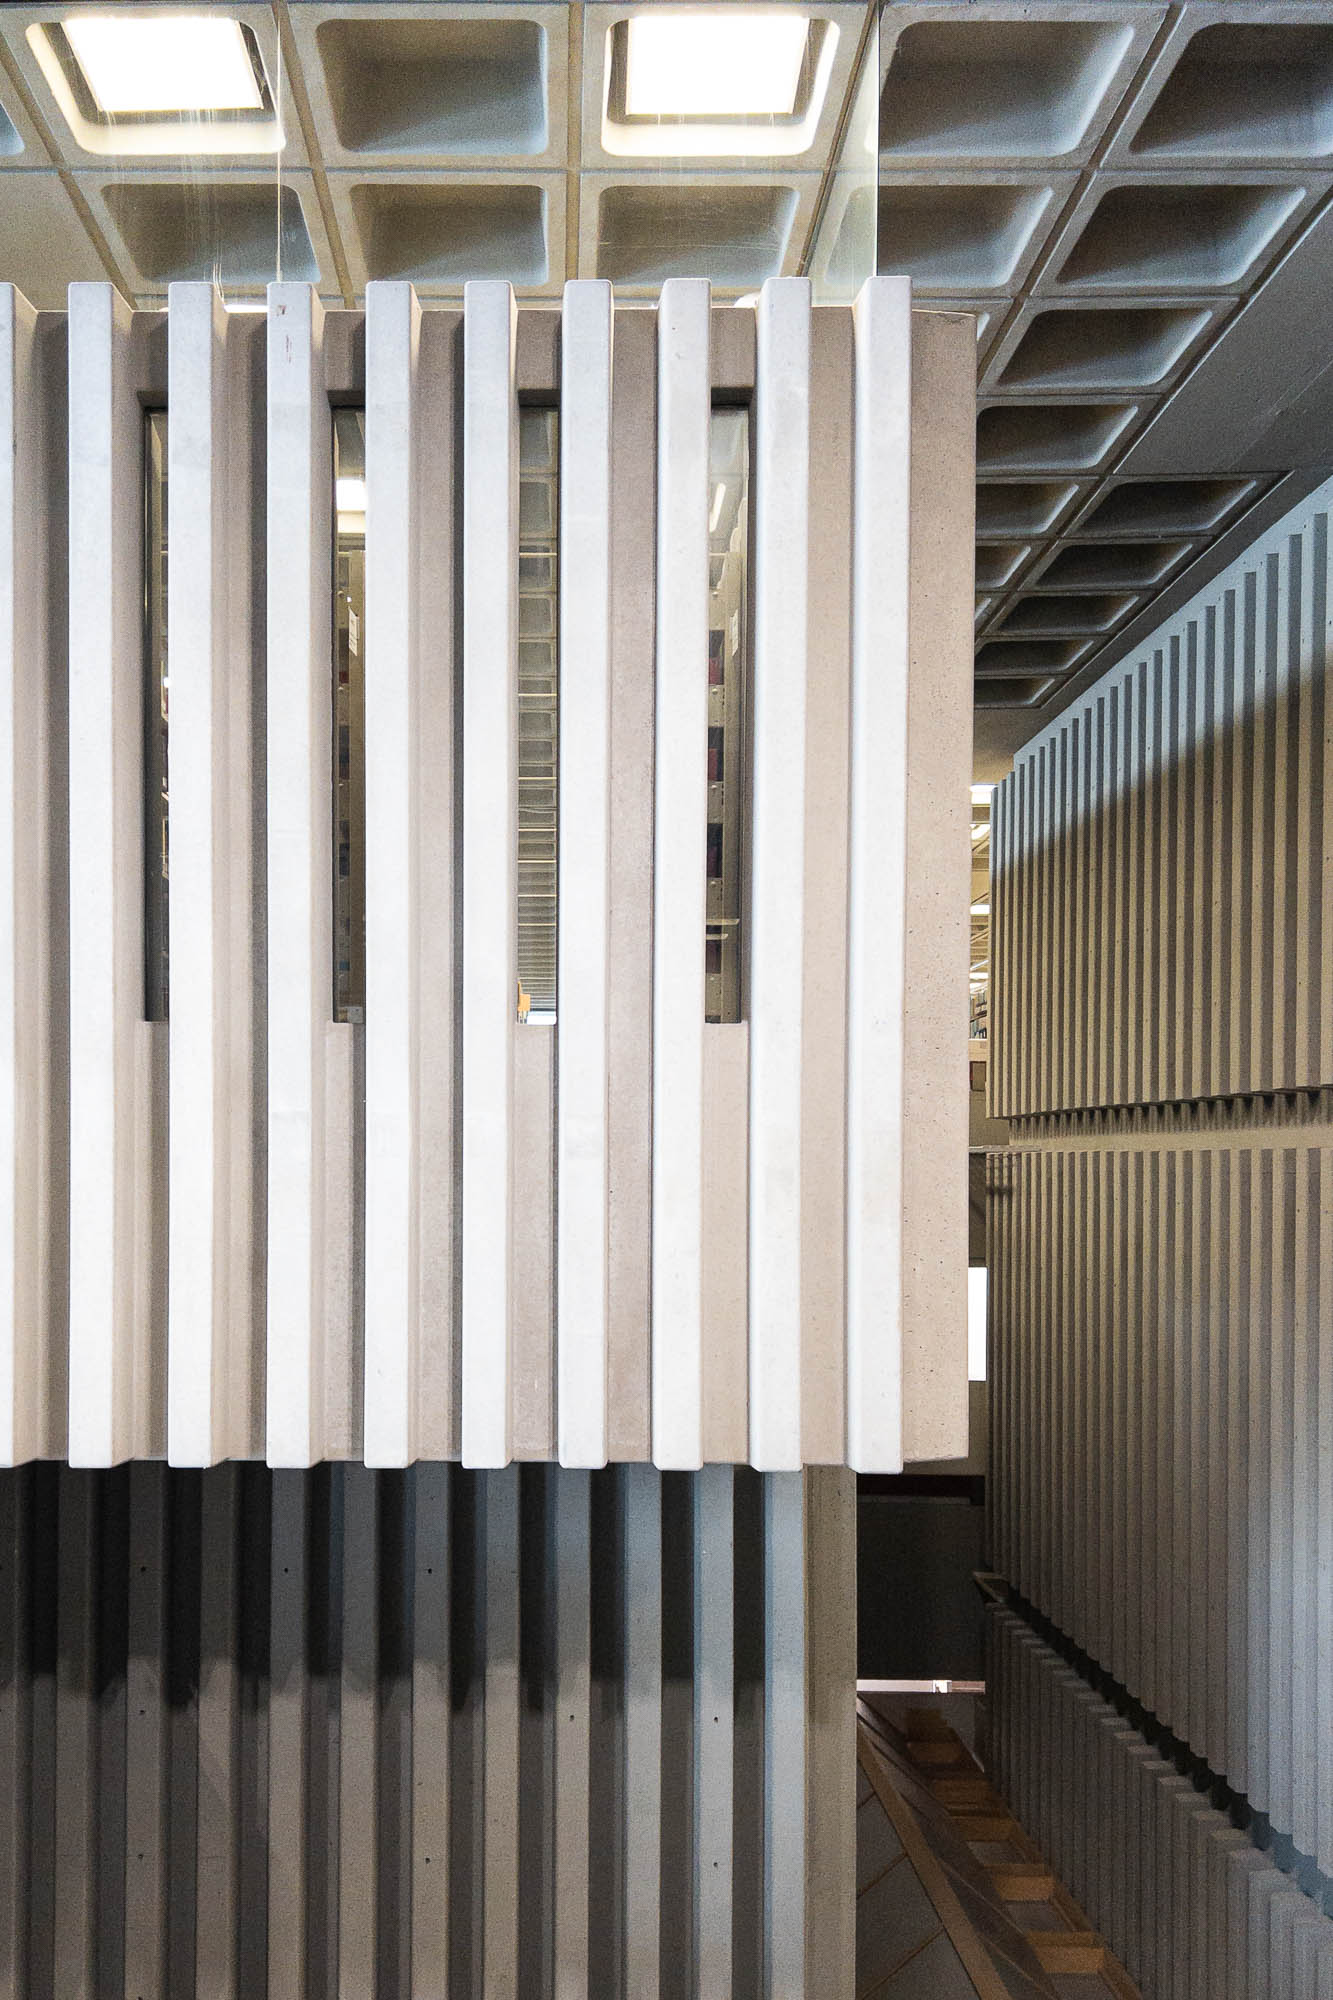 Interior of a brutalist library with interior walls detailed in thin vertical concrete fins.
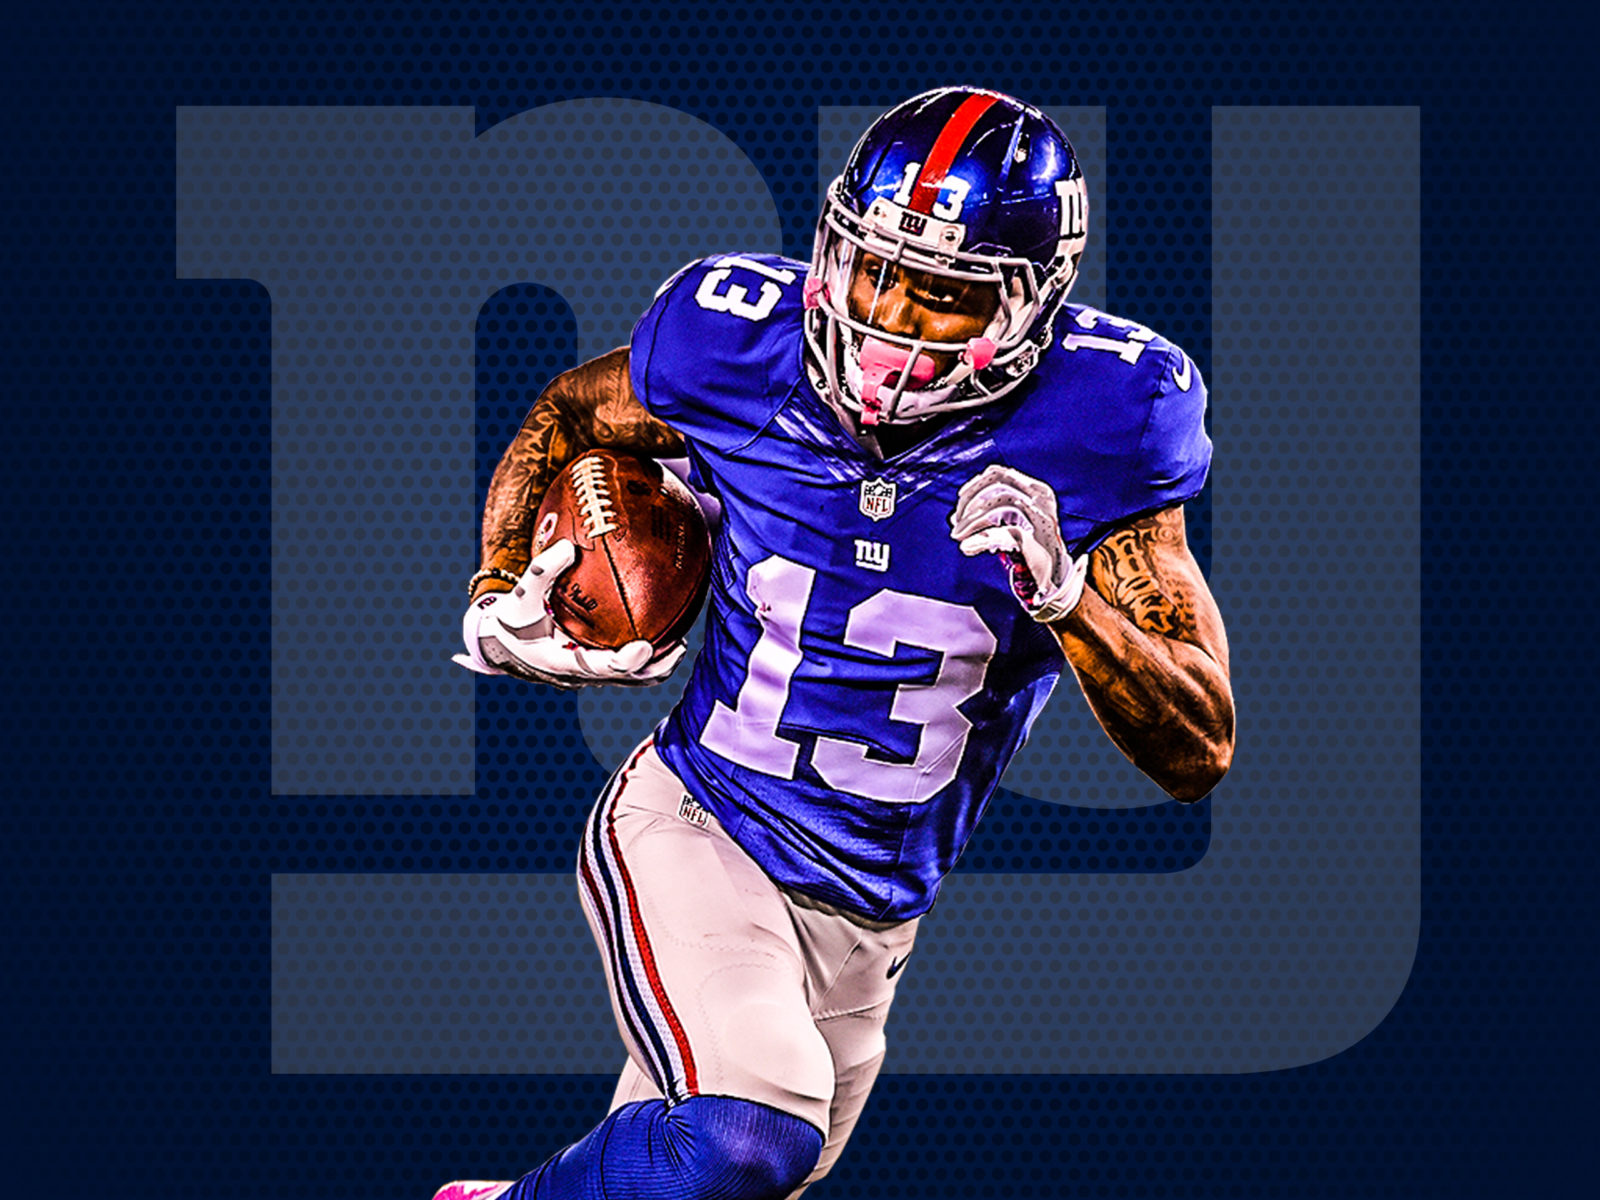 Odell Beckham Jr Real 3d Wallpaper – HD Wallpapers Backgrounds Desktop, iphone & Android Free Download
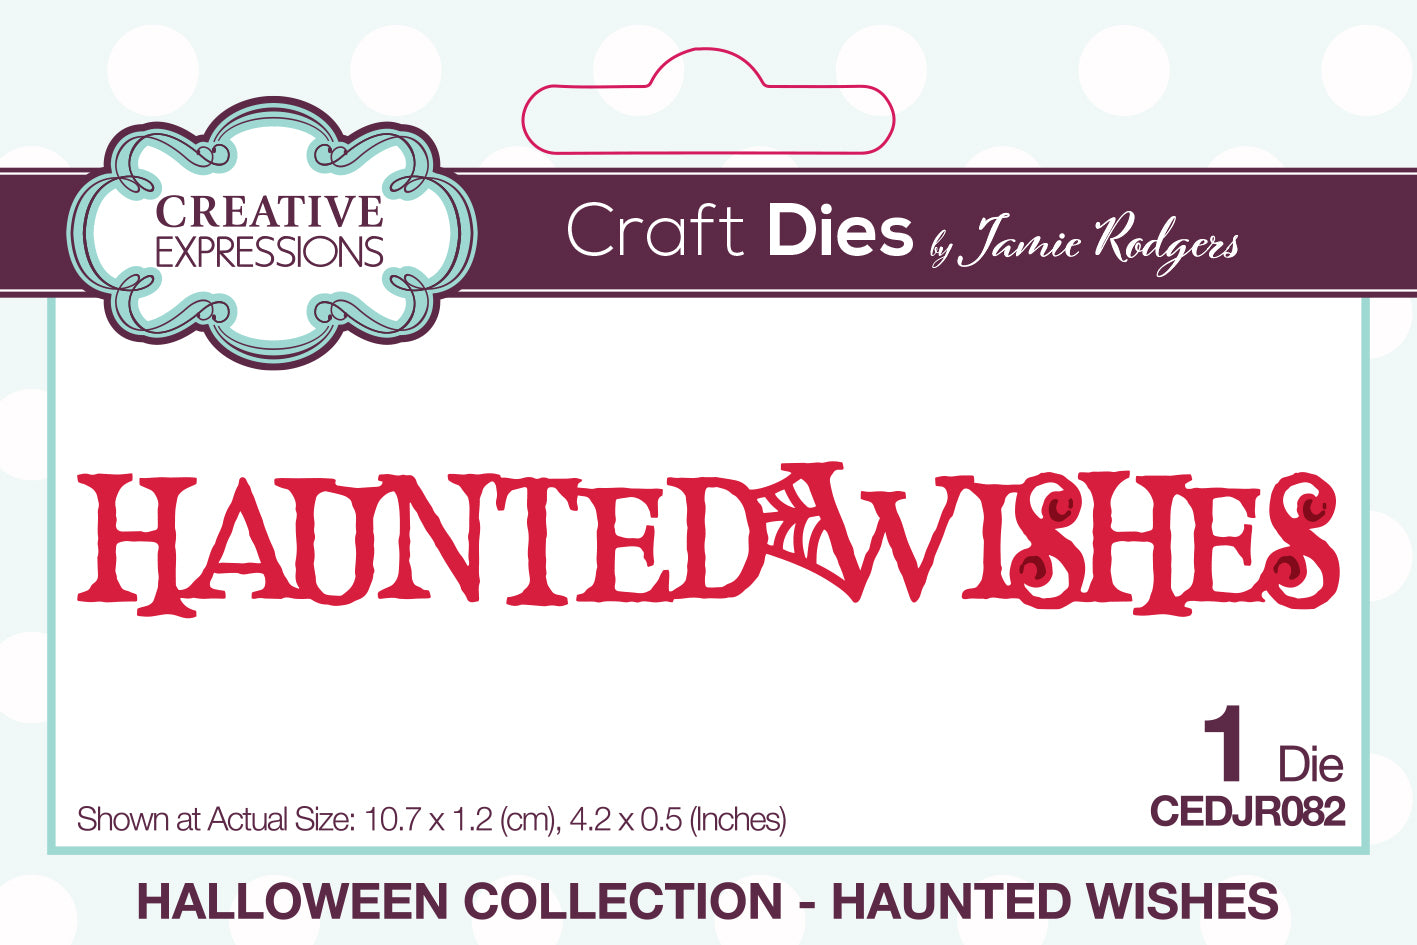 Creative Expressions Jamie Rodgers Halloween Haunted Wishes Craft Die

→ What you should do
Write out the data again word for word, minus any images.

→ Output of the task
 Interior of a brutalist library with interior walls detailed in thin vertical concrete fins.
 Odell Beckham Jr Real 3d Wallpaper – HD Wallpapers Backgrounds Desktop, iphone & Android Free Download
 Creative Expressions Jamie Rodgers Halloween Haunted Wishes Craft Die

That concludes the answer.